Looking at FanDuel and a few other sportsbooks, all of the available action on Olympic track & field are moneylines. With a moneyline bet in any sport, you’re simply picking the winner. There’s no covering the spread or anything like that. Of the 32 athletes in the first round or eight athletes who reach the final, you’re laying your money on who you think will win.

So why are some moneylines negative and the rest positive, with some going well into the thousands?

Moneylines are based on $100. A positive moneyline means if you bet $100, you win whatever the line is. A negative moneyline means you have to bet that amount in order to win $100.

As we’re writing this, Britney Reese is the favorite to win gold in the women’s long jump with a +250 moneyline. If you wagered $100 on Reese against that line, and she wins gold, you win $250 (plus the $100 you put in). Tara Davis is at +430, so $100 would win you almost twice as much, since Davis is not favored as highly as Reese.

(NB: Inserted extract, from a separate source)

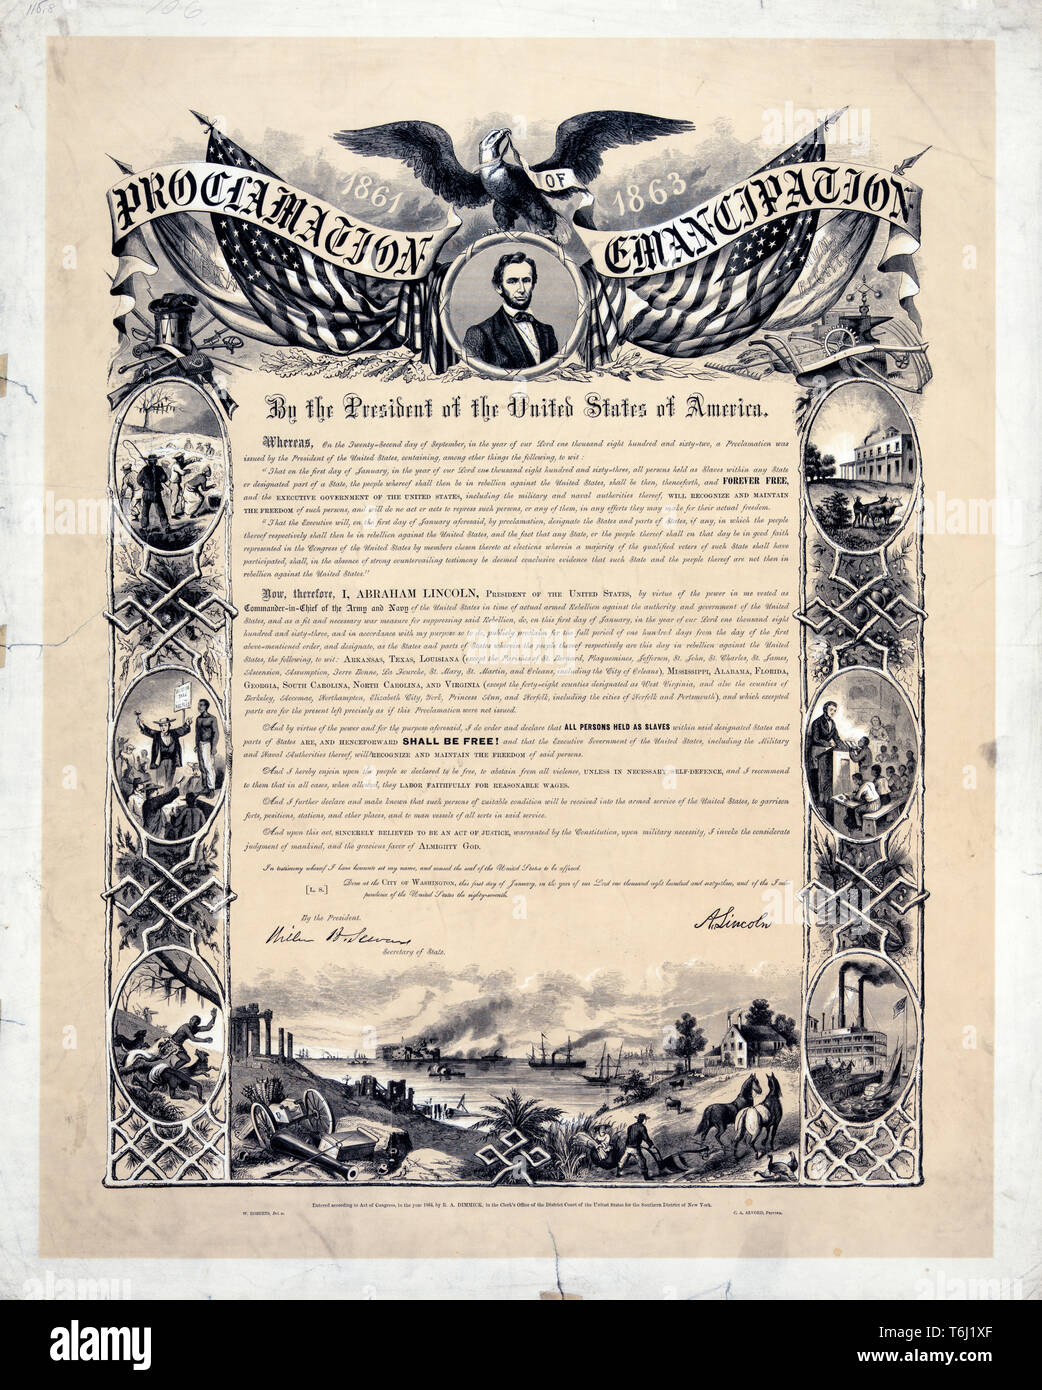 Proclamation d'émancipation, le 1er janvier 1863 document par le président des États-Unis d'Amérique montrant le texte avec les illustrations, publié 1864 Banque D'Images

Going down the entry list, we see Team USA’s Quanesha Burks at +1800 and then several jumpers - including two-time Olympic medalist Caterine Ibraguen - at +10000. Those are your long shots, like Leicester City winning the league in 2015/16 or the Buffalo Sabres doing anything at all for the next decade. $100 on Ibarguen defending her gold at age 37, you’d win $10,000 if she pulled it off.

Over on the men’s side, Ryan Crouser is a -340 for the shot put gold. That’s a way of saying he is a heavy (pun intended?) favorite to do what he’s been doing the last year: winning, big and easily.

Since it’s a negative moneyline, things go in the other direction: to win $100, you’d have to wager $340. Instead of winning 2.5x your bet as you would with Reese, you’re winning less than one-third on Crouser.

Scrolling through FanDuel, there are a lot more negative lines on men’s track & field than women’s. That suggests there are few clear favorites on the women’s side, at least in the perspective of the odds makers.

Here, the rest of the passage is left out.